Bananas? Really? You never know what you will get when you open this “box of chocolates” called “The Twelve.” For it I am grateful, Katy. Some years ago I had the opportunity to work with the great homiletician, David Buttrick. Over a glass of wine he said, “You RCA folks have great little journal, ‘Perspectives.'” He told me you had accepted a poem from him for publication which was attributed to “anonymous.” I have been wanting to relate that story for what? Geez. Well over twenty years.
Katy,
Thank you. Your sacred lyricism leaves the page and settles into heart and home.
You also invited me to head home after school and savor two slices of my mother’s banana bread that she’d made to help me through solid geometry.
When passing a piece becomes the passing of peace, and accompanying tea, a cup of love. The sweetness shared between friends.

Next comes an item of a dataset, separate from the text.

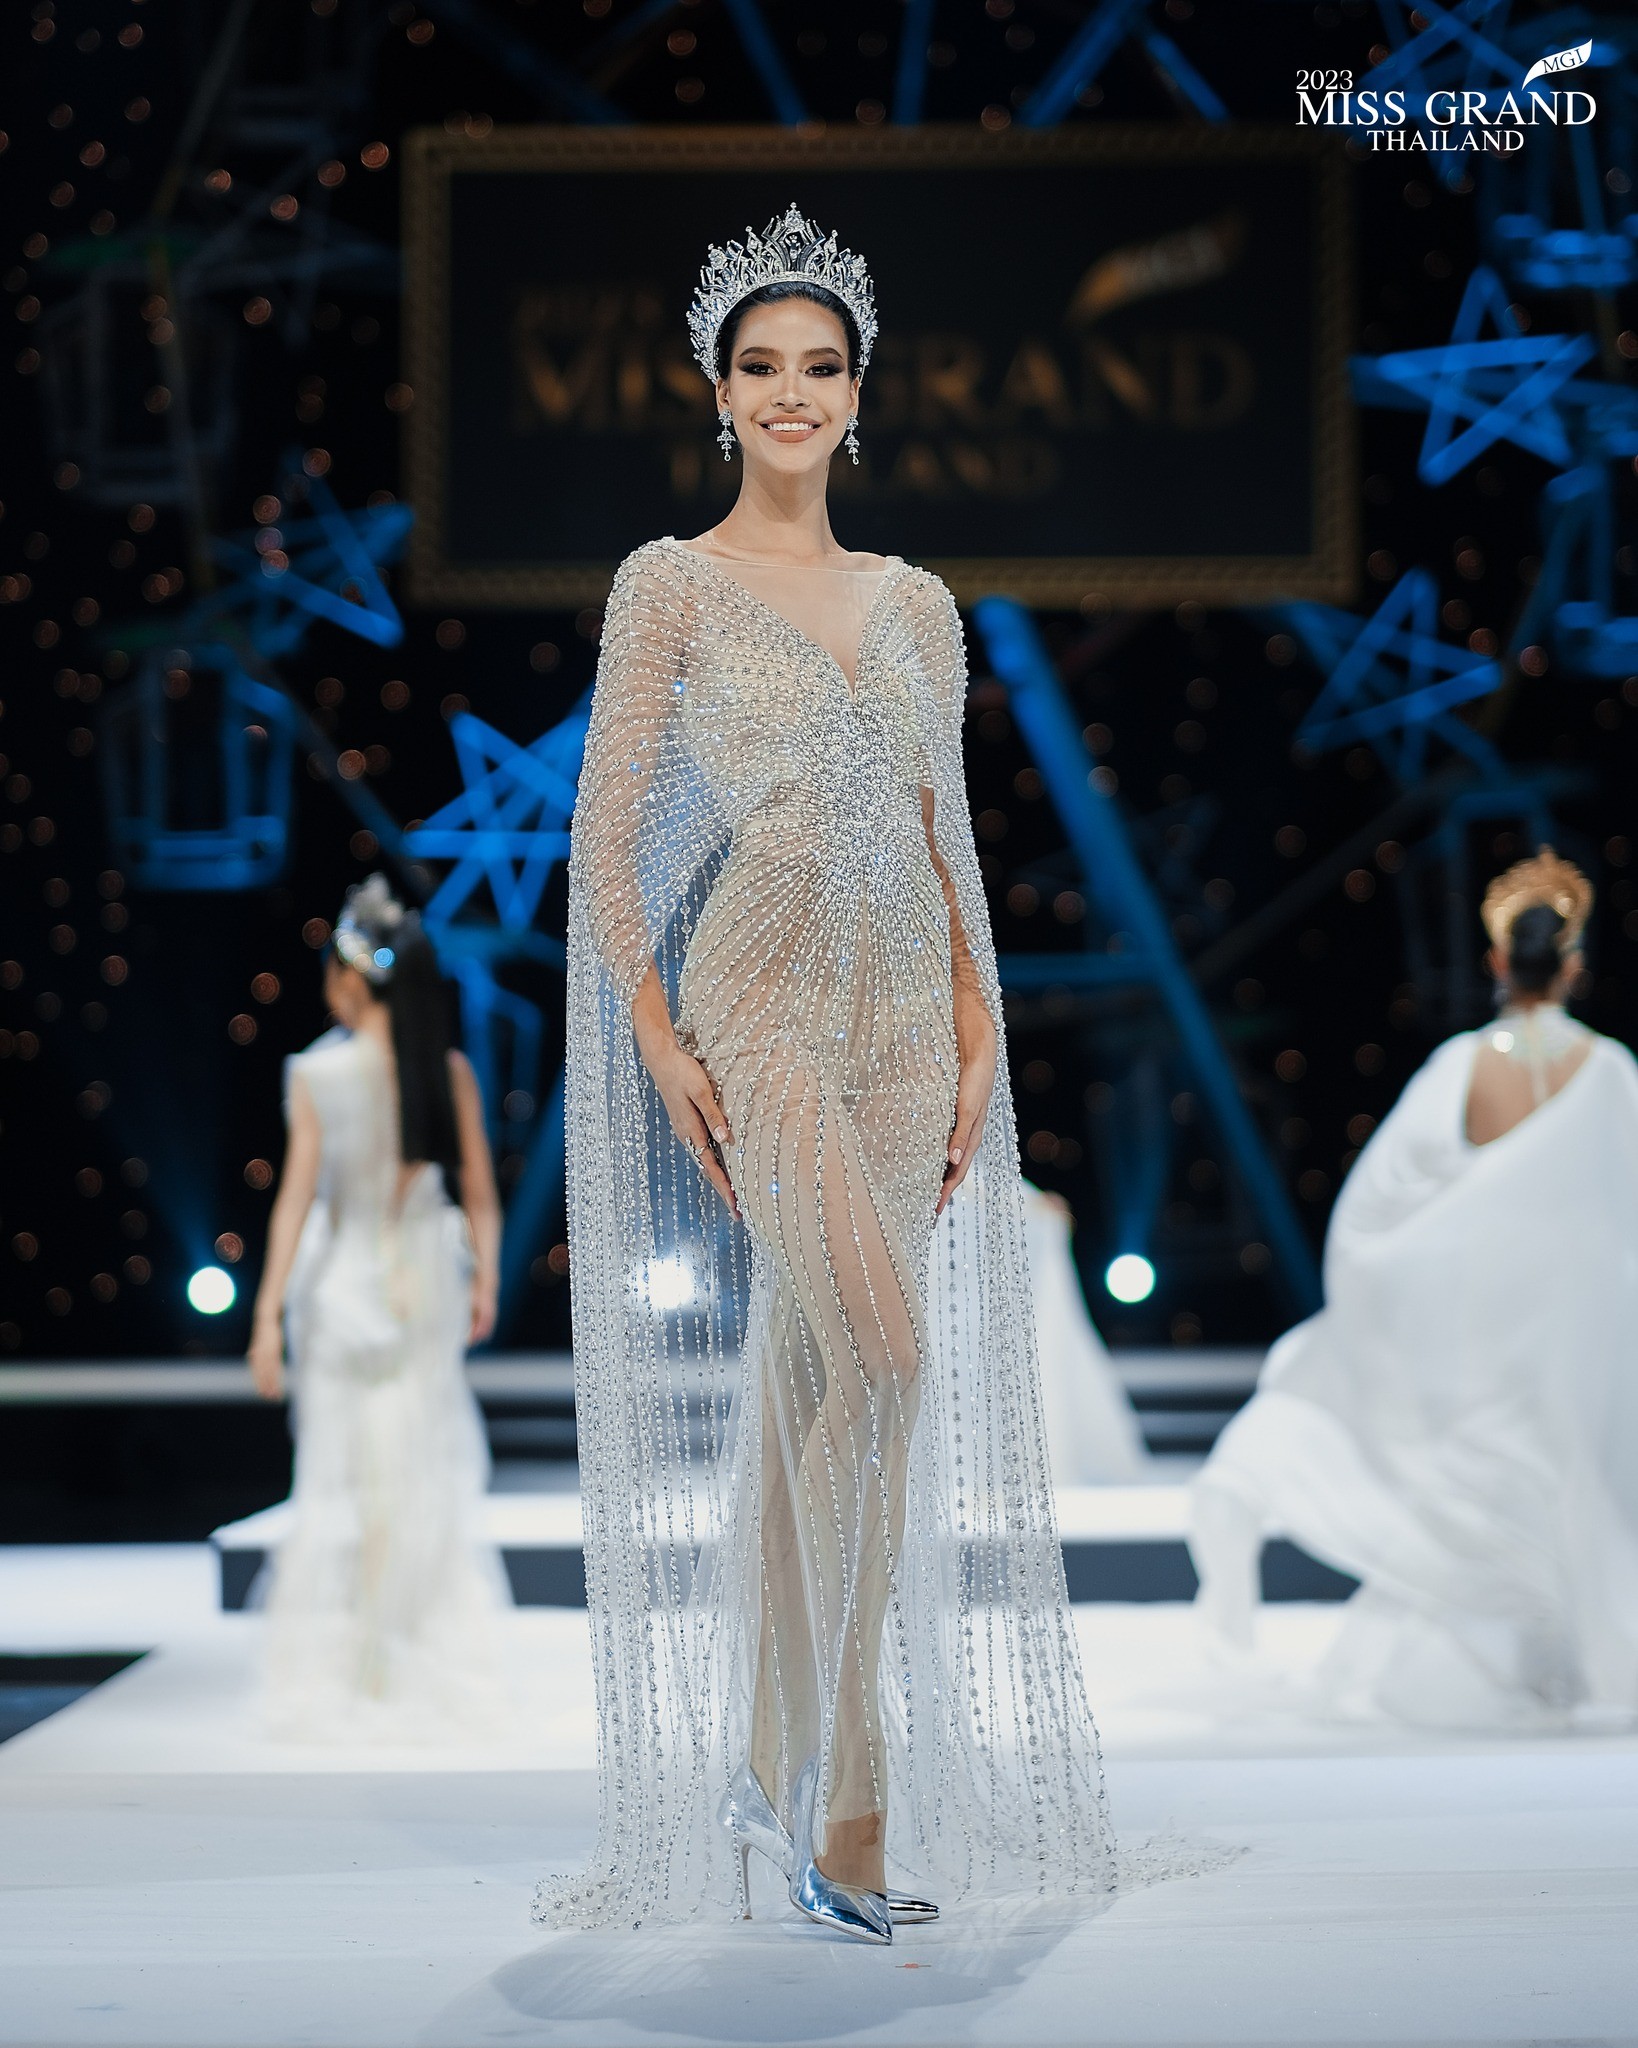 Váy áo cắt xẻ phản cảm tràn ngập Hoa hậu Hòa bình Thái Lan - Ảnh 6.

I almost always have loved, yes craved, bananas in just about any form, including overripe ones magically mashed, poured and baked into savoury loaves larded w/ walnuts in my mom’s banana bread. The walnuts never make it into the bb anymore b/c of one daughter’s allergy. (Even though she and fambly live far away, walnuts still haven’t ambled their way into the batter.) Then we moved to Central and South America for the better part of a decade. I’d thought there was ONE banana; no, Kingsolver hadn’t guilted me yet. In the tropics, away from Dole’s and Chiquita’s monoculture, REAL bananas were found in all the markets. Big, little, almost maroon, long and skinny, short and stout. And talk about FLAVOUR. and FLAVOURS. I never liked living in the tropics with all the heat and many ways to succumb to amoebas, etc., but whenever I do head south-ish for part-time Member Care work, I find bananas, real bananas and would love to smuggle through Canadian Customs, but have eschewed such shenanigans. Like who wants to jeopardize one’s precious Nexus standing for a few days of nutritional blessing and pleasure? Now, Ms. Katy, thanks a lot for making my mouth water and yearning to head to the tropics for the first time in two Covid-filled years.